Sub-cellular distribution of an anticancer drug osmocifen in human breast cancer cells MDA-MB-231 exposed 24h to 2 uM of drug. Representative distribution of osmium (Os-L), sulfur (S) and Zinc (Zinc) [6]


‘‘New Truths become evident when new tools become available’’, a famous quote from Rosalyn Sussman Yalow (Nobel Prize in Physiology and Medicine, 1977), is exemplified today by the impressive number of techniques which have provided breakthroughs in cellular machinery, such as far-field fluorescence nanoscopy or cryo-electron tomography. Extending these techniques to the X-ray domain offers unique opportunities to probe sub-cellular chemical processes. For example, soft X-ray microscopes have established capabilities in absorption contrast imaging of thick hydrated biological material in their near-native environments at spatial resolutions approaching 30 nm, well beyond those achievable with conventional visible light microscopy [1,2]. In the past decade, there has been a strong tendency in X-ray microscopy to develop alternative contrast mechanisms and spectroscopic methods, which can provide both valuable complementary information on the sample nature and/or a reduction of the necessary radiation doses [3,4]. Simultaneously, the development of high brilliance, high energy synchrotrons, coupled with advances in manufacturing technologies of focusing optics, has led to significant improvements in sub-micrometer probes for spectroscopy, diffraction and imaging applications in the hard X-rays regime (> 1 keV) and very recently opening the way to 2D/3D cryo Hard X-ray cryo-nanoprobe ID16A lead by P. Cloetens at ESRF (Figure below).
Workflow of correlative imaging with X-ray fluorescence tomography and phase contrast nanotomography to produce 3D mass concentration, mass density, and mass fraction volumes. The sample (in the present case Plasmodium falciparum-infected red blood cell)  is first put downstream of the X-ray nanoprobe to perform phase contrast nanotomography. The 3D mass density volume is obtained as a result of the tomographic reconstruction (on the right). Subsequent X-ray fluorescence scanning measurements performed with the same sample in the focus of the nanoprobe. Tomographic reconstruction yields the 3D mass concentration volumes of different elements (on the left). The two multimodal volumes were then registered to yield 3D mass fraction volumes. From [5].


Living systems, for survival, depending on their ability to accumulate, release and use certain elements, particularly metal ions, to define a certain composition that is held constant within a given homeostatic state. Several essential metal ions participate in the control of numerous metabolic and signaling pathways, but their rich coordination chemistry and redox properties confer them a propensity to randomly coordinate and catalytically react inside the cell with protein sites other than those tailored for that purpose. Indeed, about one-third of all structurally characterized proteins are metalloproteins and bound metal ions or co-factors, which play a pivotal role in the structure-function relationship of proteins and other bio-molecules. In addition, all these cellular essential metals are also potentially toxic. Thus, a number of sophisticated networks of trafficking pathways are available to tightly regulate their uptake, intracellular transport, and compartmentalization, and to avoid their toxic side effects.
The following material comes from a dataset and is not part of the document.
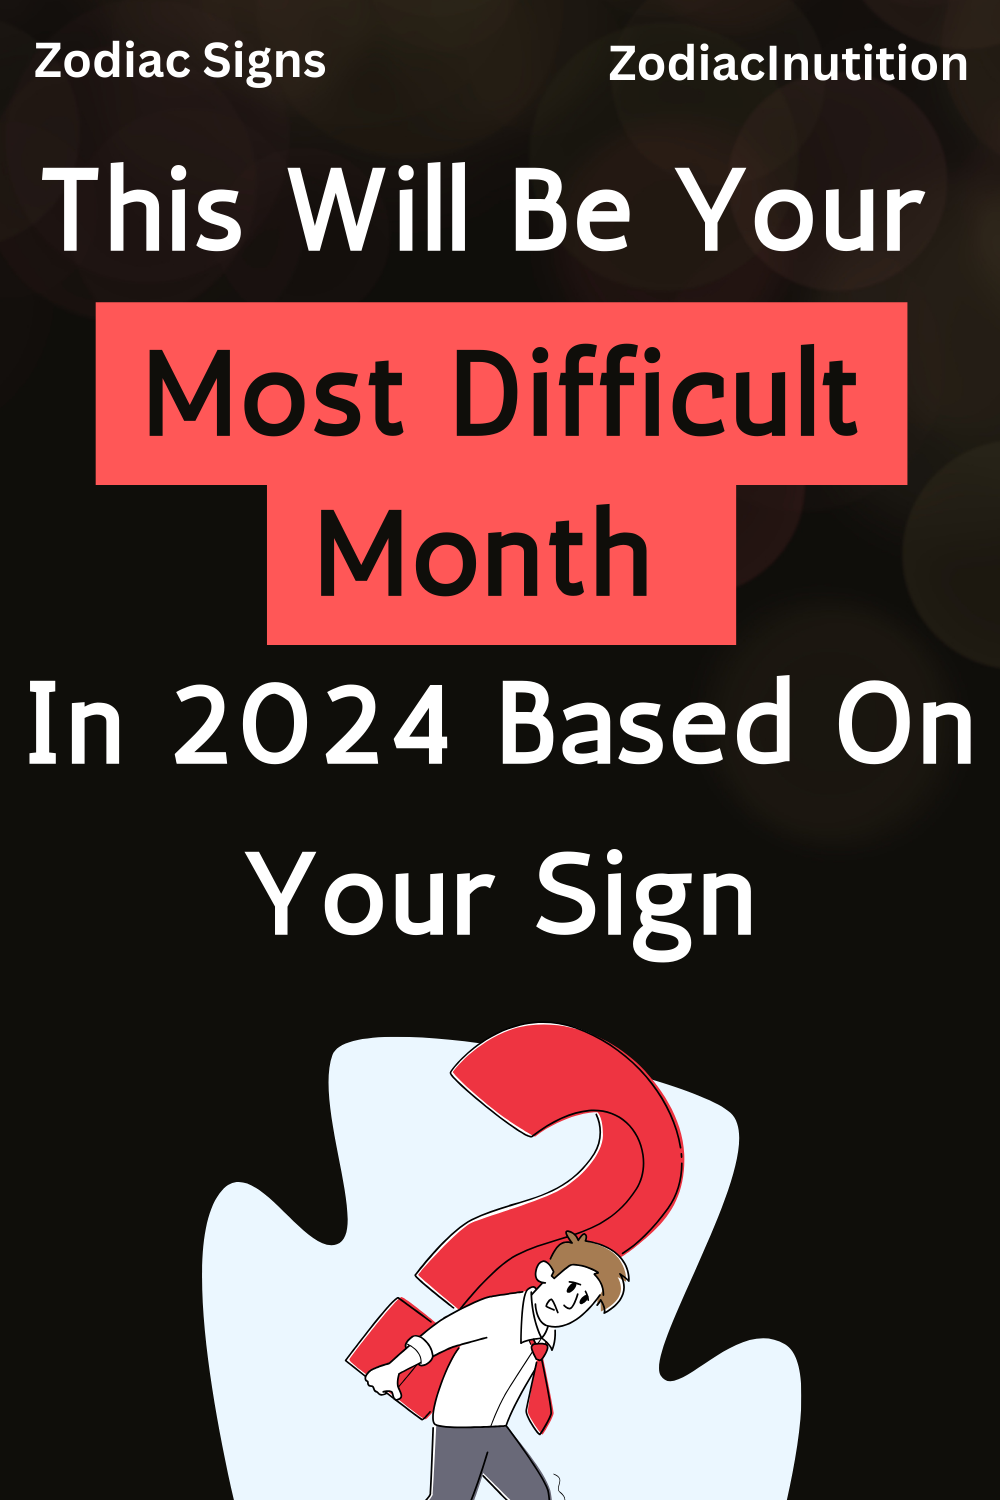 This Will Be Your Most Difficult Month In 2024 Based On Your Sign

However, in spite of all the progress made, we are still merely on the brink of understanding these processes.

The synchrotron micro- and nano-probe spectroscopic techniques in continuous development and progress allow a unique mesoscale capability to explore and elucidate the distribution, concentration and chemical state of metals inside tissues and cells at the organelle level. This contribution is not only highly challenging but represents important objectives in modern analytical chemistry and an essential step towards the precise understanding of some cellular physiopathological or toxicological processes.  We developed expertise in sub-cellular imaging for a better understanding of the metallobiology of biologic systems and we actively participated in the development of the synchrotron nanochemical imaging and particularly in cryo-capabilities.


under construction 


[1] C. Jacobsen, "Soft x-ray microscopy," Trends in Cell Biology, vol. 9, pp. 44-47, 1999.
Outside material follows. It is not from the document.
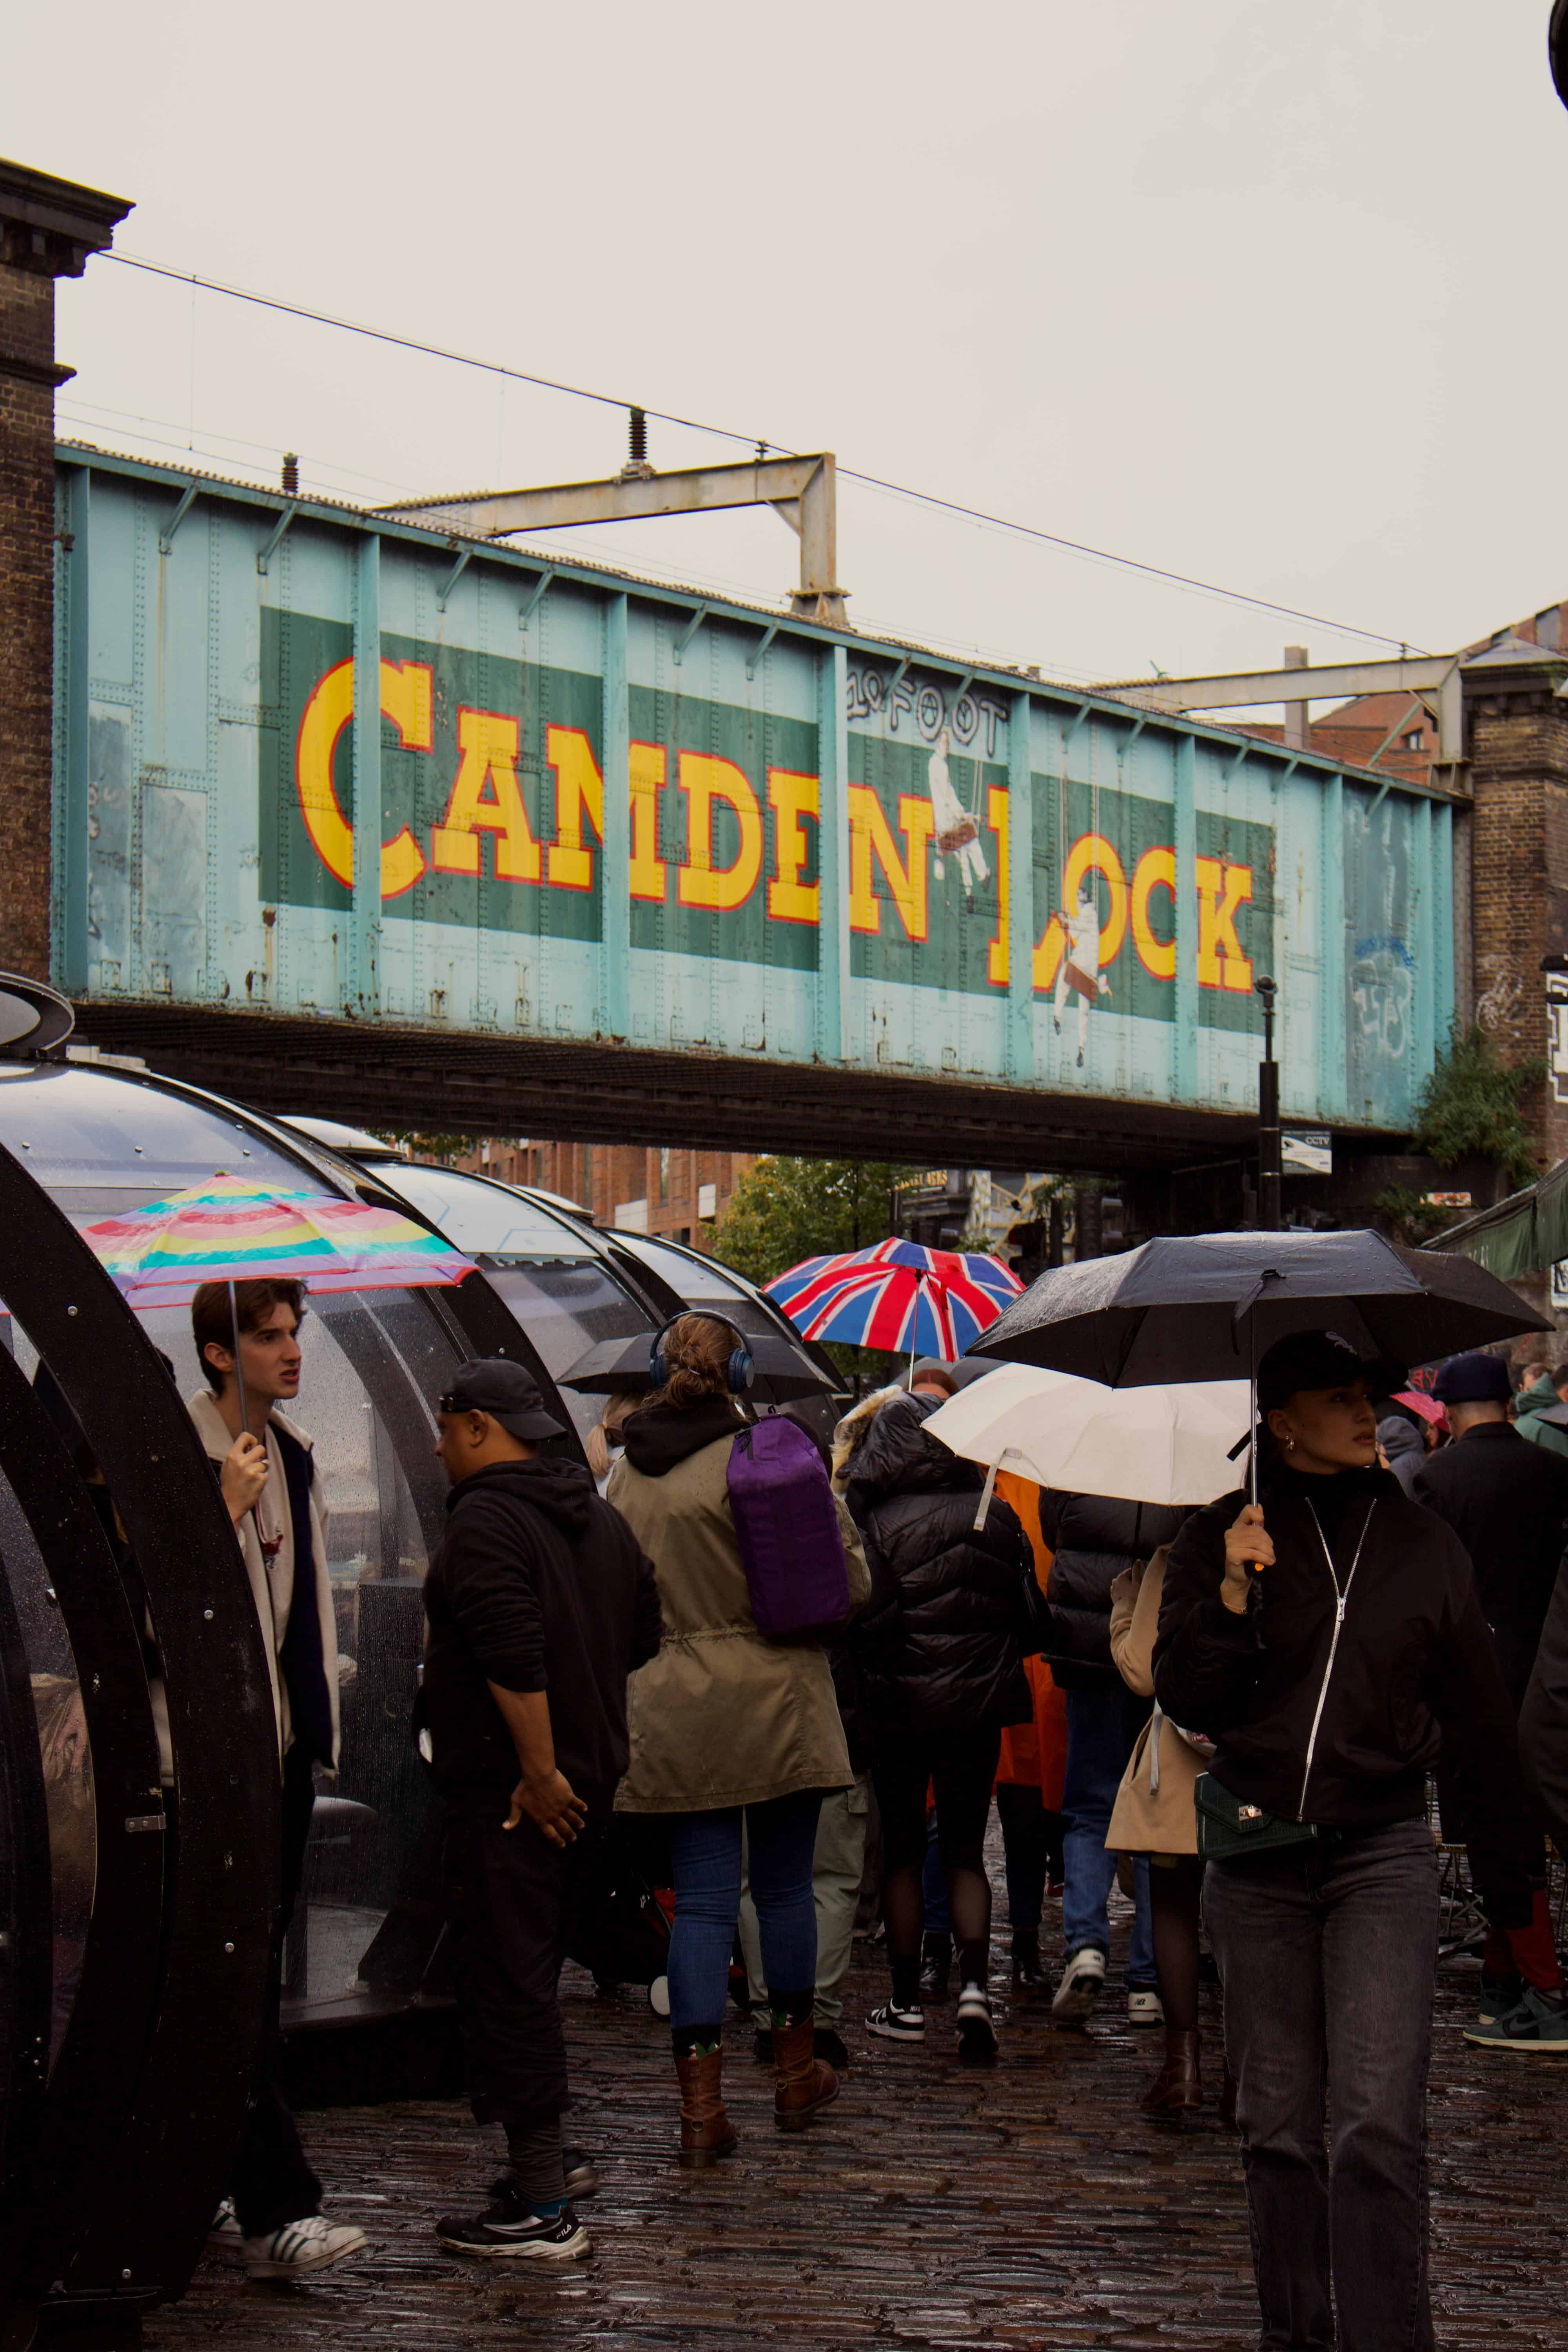 London Camden Lock Rock Festival on a raining day. best places to live in London in your 20s for music.

[2] G. Schneider, P. Guttmann, S. Heim, S. Rehbein, F. Mueller, K. Nagashima, et al., "Three-dimensional cellular ultrastructure resolved by X-ray microscopy," Nature methods, vol. 7, p. 985, 2010.

[3] M. D. de Jonge and S. Vogt, "Hard X-ray fluorescence tomography—an emerging tool for structural visualization," Current opinion in structural biology, vol. 20, pp. 606-614, 2010.

[4] E. Lombi and J. Susini, "Synchrotron-based techniques for plant and soil science: opportunities, challenges and future perspectives," Plant and Soil, vol. 320, pp. 1-35, 2009.

[5] Y. Yang, F. Fus, A. Pacureanu, J. C. da Silva, W. De Nolf, C. Biot, S. Bohic, and P. Cloetens, "Three-Dimensional Correlative Imaging of a Malaria-Infected Cell with a Hard X-ray Nanoprobe" Analytical Chemistry 2019 91 (10), 6549-6554.